An opening batsman and a fine fielder, Holmes was a late developer who played only a handful of matches for Yorkshire before the First World War, but came to immediate prominence after it with 1886 runs and five centuries in 1919. He was named as a Wisden Cricketer of the Year in 1920.
With Herbert Sutcliffe, Holmes formed for 15 seasons the most prolific opening partnership in first-class cricket, and 69 times they put on 100 runs or more for the first wicket. Their partnership culminated, in 1932 against Essex at Leyton, in a then-world record stand of 555, beating the previous Yorkshire (and world) record by Brown and Tunnicliffe in 1898 by just one run. Holmes contributed an unbeaten 224 to the partnership, which remained the world record first-wicket partnership for 44 years. It is still the highest partnership for any wicket in English domestic cricket and the fifth highest ever for any wicket in the world.

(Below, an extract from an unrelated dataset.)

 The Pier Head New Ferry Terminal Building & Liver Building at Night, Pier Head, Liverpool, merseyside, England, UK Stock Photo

Holmes' Test cricket career was limited to just seven matches, largely because Jack Hobbs was a fixture in the England team until Holmes was past 40 years of age. He was picked and discarded, like many others, as England chopped and changed their eleven in 1921 in a vain attempt to match the Australian cricket team under Warwick Armstrong; in fact, Holmes was top scorer, with 30 out of 112, in the first innings of the first Test at Trent Bridge, but he scored only 8 in the second innings and the match was over inside two days. He then had to wait six years before being picked for the 1927-28 tour to South Africa under Rony Stanyforth, where he opened with Sutcliffe in all five Tests, making 302 runs, including four scores of more than 50 and a highest of 88, but finishing with a "pair" in the last Test. His seventh and final Test came 10 days after his world record stand, when, at 45, he was picked for the Lord's match against India in 1932. He made just 6 and 11.

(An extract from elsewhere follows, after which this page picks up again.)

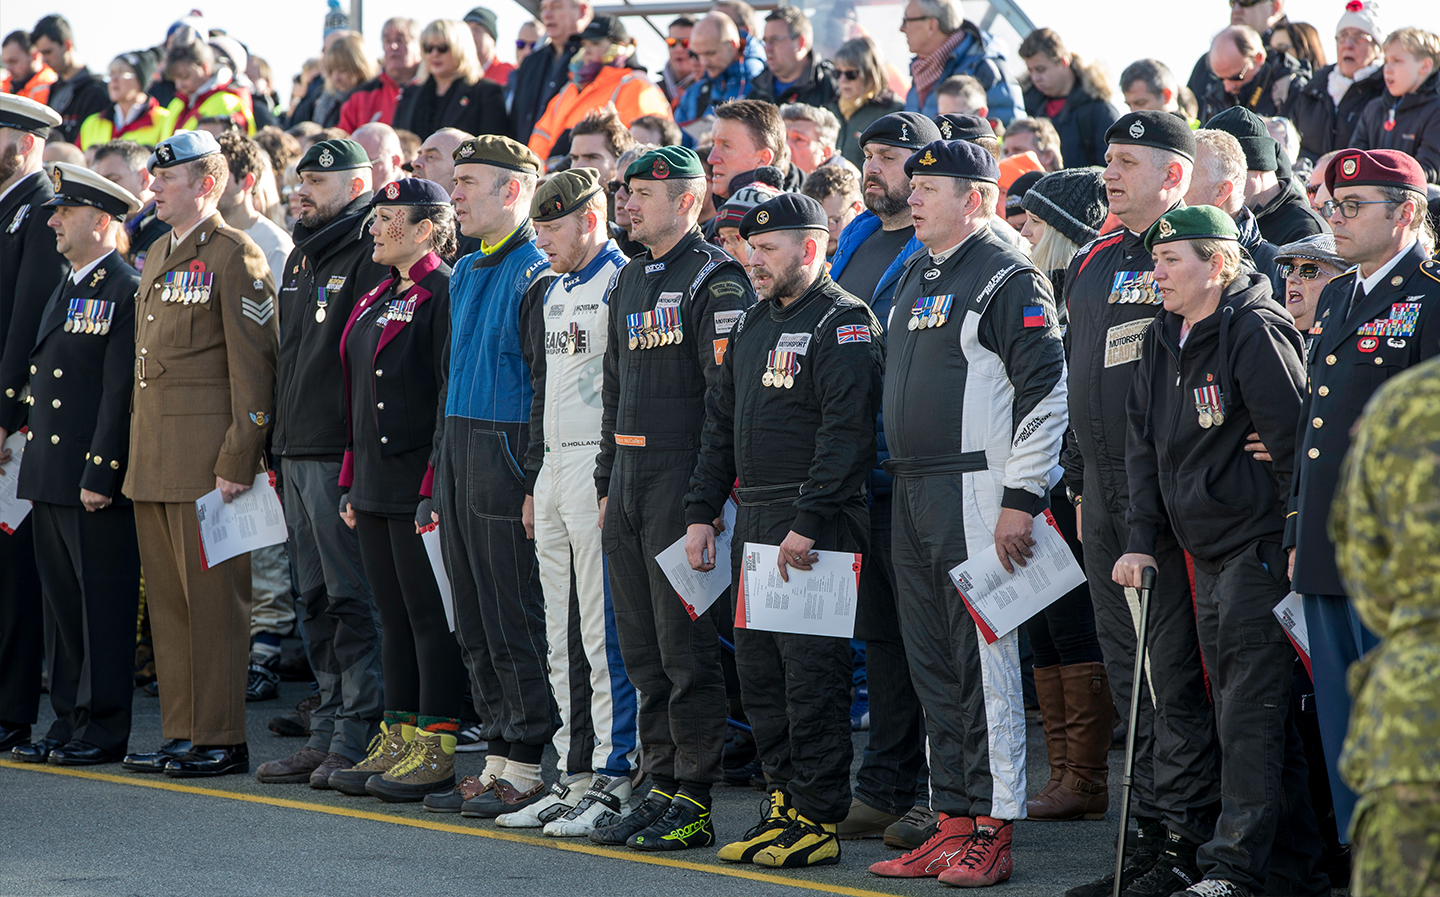 A remarkable mission: On track at Race of Remembrance 2019 - Sunday Service

In county cricket, Holmes was reliably prolific. He scored more than 2000 runs in seven seasons between 1920 and 1930 and more than 1500 runs in six other seasons. He scored 1021 runs in the month of June 1925 at an average of 102 and that sequence included his highest score, 315 not out at Lord's against Middlesex, at that point the highest score ever made on the ground. In all first-class cricket, he scored 30,573 runs at an average of more than 42 runs per innings, with 67 centuries: he is 58th on the all-time list of run-getters.
According to Neville Cardus , Holmes was a jaunty, restless character who believed cricket should be fun. He tended to score quickly and to play shots, such as cuts and pulls, that "more correct" batsmen such as Sutcliffe rarely used.